Suppose they gave a local geek mini-conference and everybody came?

The tenth Oxford Geek Night was our most popular yet. We stopped counting at 150 drinks vouchers, and people still kept coming. I think this is the first OGN where at one point it was actually impossible to get from the stage to the bar and back, which might have improved the quality of the talks, but I couldn't possibly comment.

Actually, the speakers were fantastic, and the local-volunteer microslots probably the strongest set I've ever heard. It would be impolitic to single anyone out, not to mention a fool's errand because I'd gladly listen to any one of them speak again. We'll be putting videos up on the OGN website in the next few days, so if you want to find out who was best then you can judge for yourself.

Thanks everyone as always: Torchbox, Google and Pearson Education for sponsoring; Nick and Neal for helping out with the tech on the night; and to all of Oxford's incredibly enthusiastic geeks, for making the floorboards creak at the Jericho Tavern.

BBC Oxford: Geek Night

And then they go and spoil it all by saying something stupid like "why don't we get that Geek Evenings fellow on next week?"

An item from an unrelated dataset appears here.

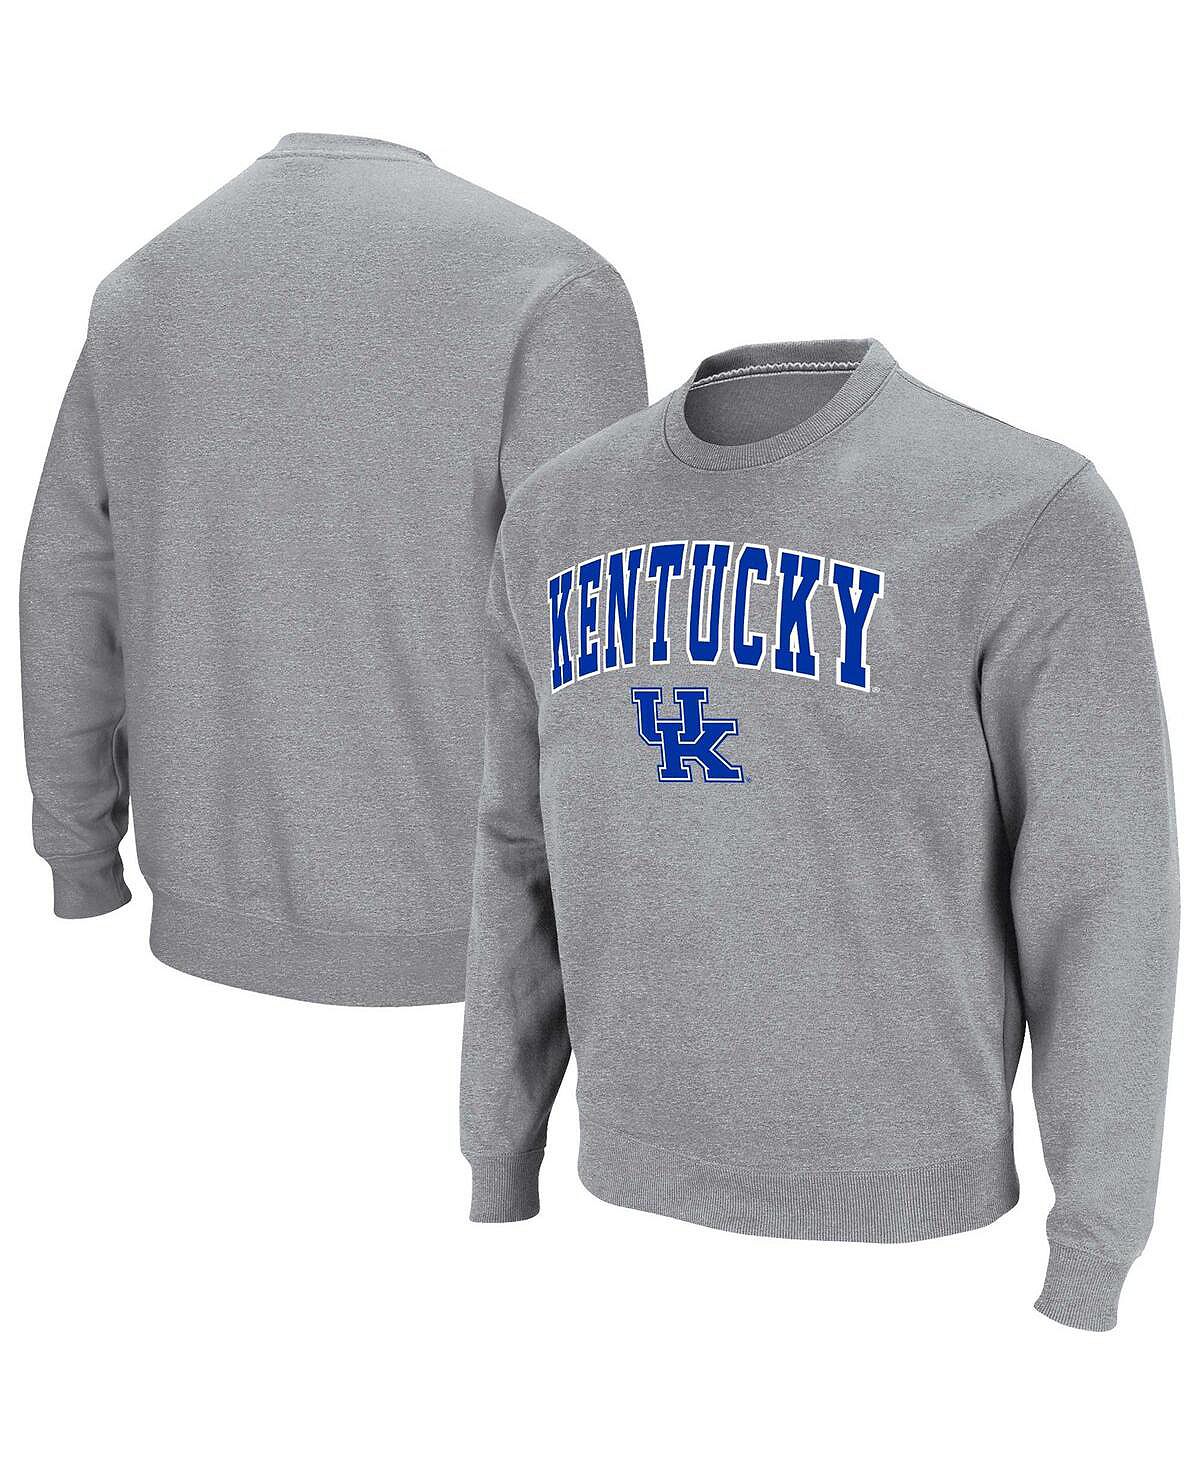 Мужской серый пуловер с логотипом и аркой Kentucky Wildcats Colosseum kentucky gentleman

With any luck I'll be talking to Danny and Lou on BBC Oxford tomorrow at half noon, about the phenomenon that is Oxford Geek Nights. It's all rather good timing in one sense, given that OGN10 is happening tomorrow evening, but terrible timing in another sense, given that I have to get ready for OGN10 happening tomorrow evening.

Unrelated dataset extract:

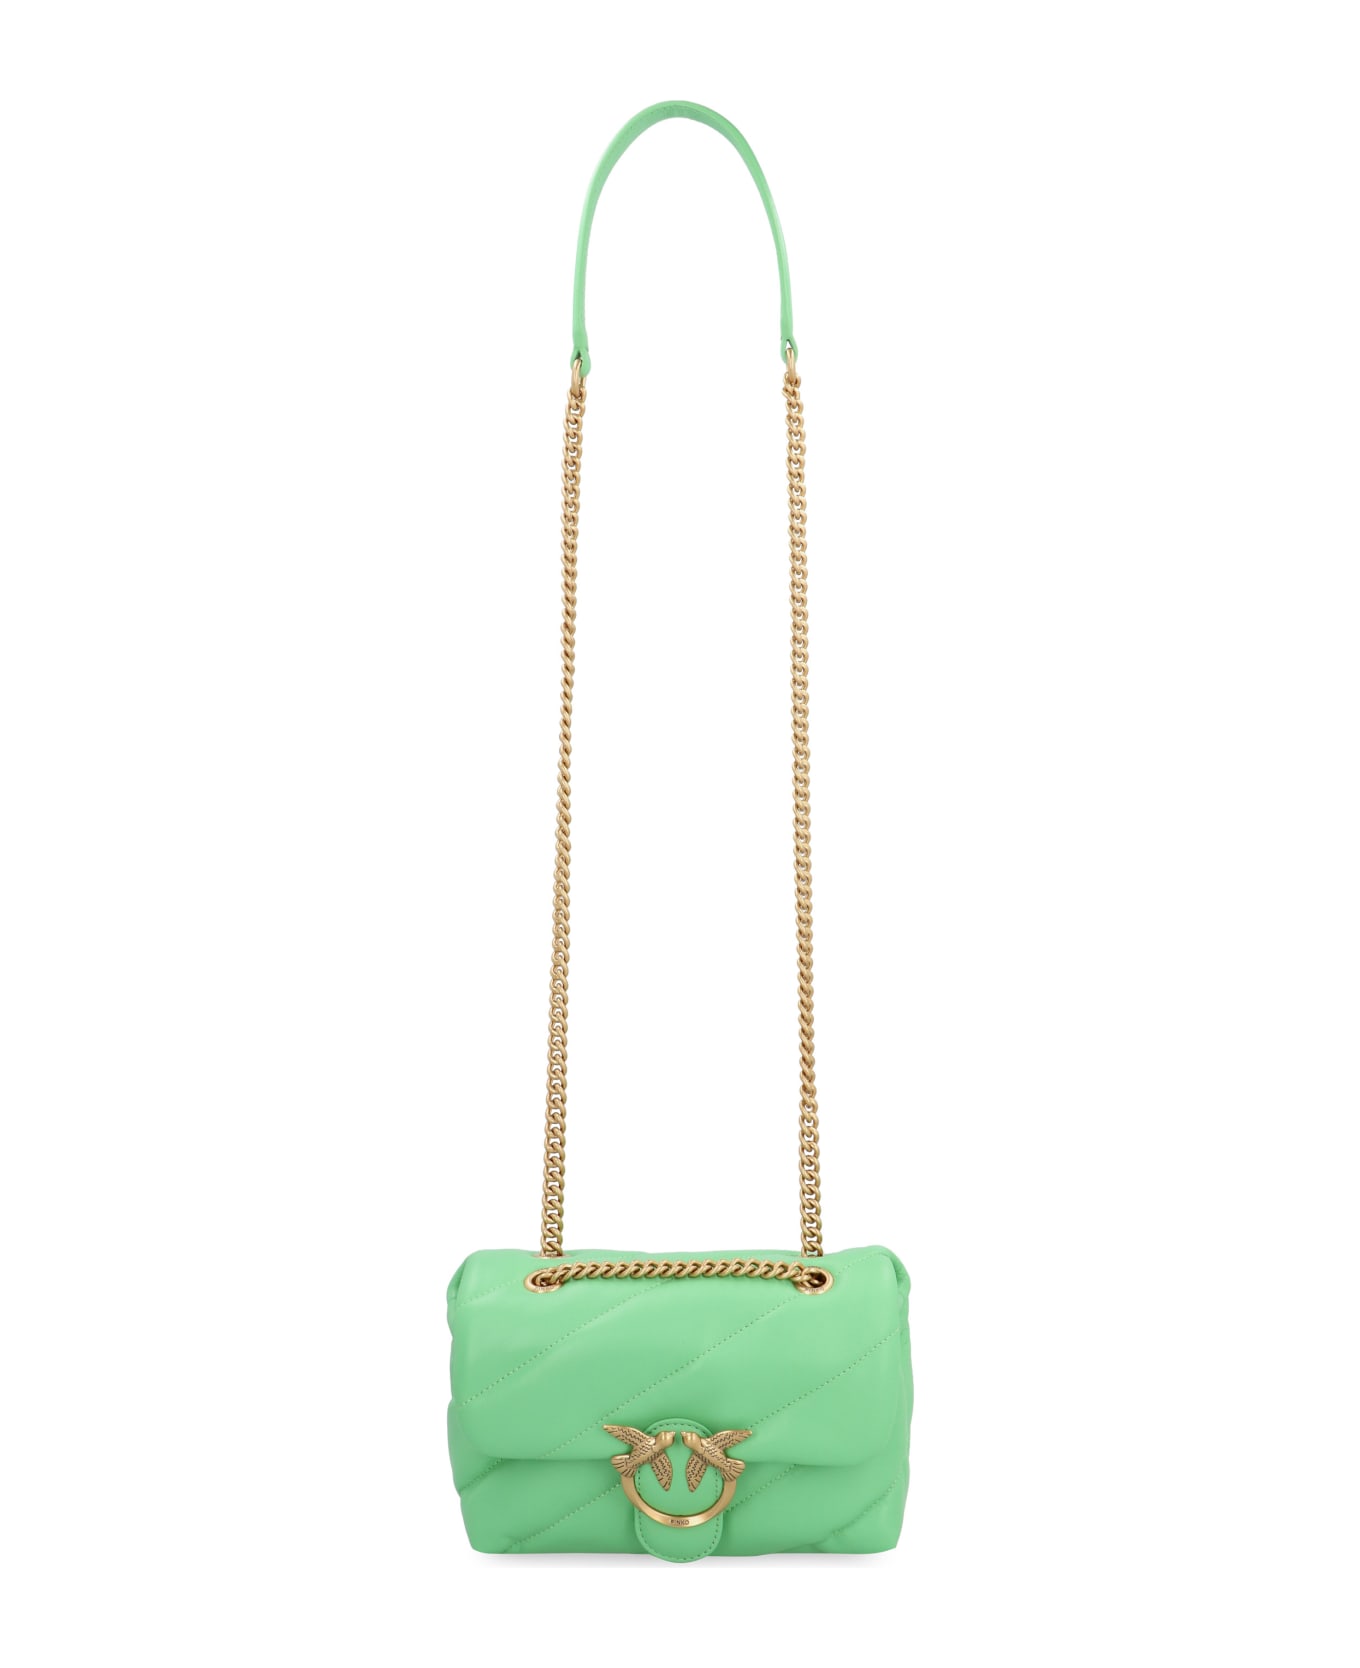 Pinko Love Mini Puff Leather Crossbody Bag - green

All of this is subject to change, of course. Producer Mark Watson (not that Mark Watson) has been very obliging in me messing him around with times and locations, agreeing to the phone interview and other shenanigans, but live radio being what it is, and Mark's well of patience being surely only as deep and as full as the next man's....

Still, I'm looking forward to it. When I'm not panicking that they'll ask me something incriminating. All right, I confess! I had two of the free drinks at OGN8!

Oxford Geek Nights reach double digits on January 21st

The tenth Oxford Geek Night is my seventh, and I've just got the hang of the PA.

It's the tenth Oxford Geek Night in two weeks! Who would have thought nearly two years ago that Natalie's brainchild would ever make it to the grand old age of ten? And the OGNs are striding purposefully towards their teens with two great keynote speakers.

First up will be Elliot Jay Stocks, designer and writer for .net. He'll be taking a look at the state of typography on the web, exploring the issues surrounding font embedding, the arguments about progressive enhancement, and the problematic question of text replacement, and asking: far have we (or not) come in recent years and where on earth is web typography heading?

We also have Sylwia Presley of 1000heads discussing the notion of Twitter ethics: how individuals and organizations can and should appreciate the mores and morals of social media. She'll be focussing on Twitter as one of the more popular social-media venues, but it will be interesting generally to see how outsiders can best chart and explore these online social landscapes.

Along with that, we've got a stack of great microslots on all manner of subjects, including a recognized British Standard for accessibility, scaling web applications, dynamic-demand power technologies, and website design which utilizes transparencies. And, of course, our usual sponsorship from Torchbox and Google make it a free event (along with the seemingly indestructible Moo cards).

Hope to see you all there: put Wednesday 21 January in your diaries!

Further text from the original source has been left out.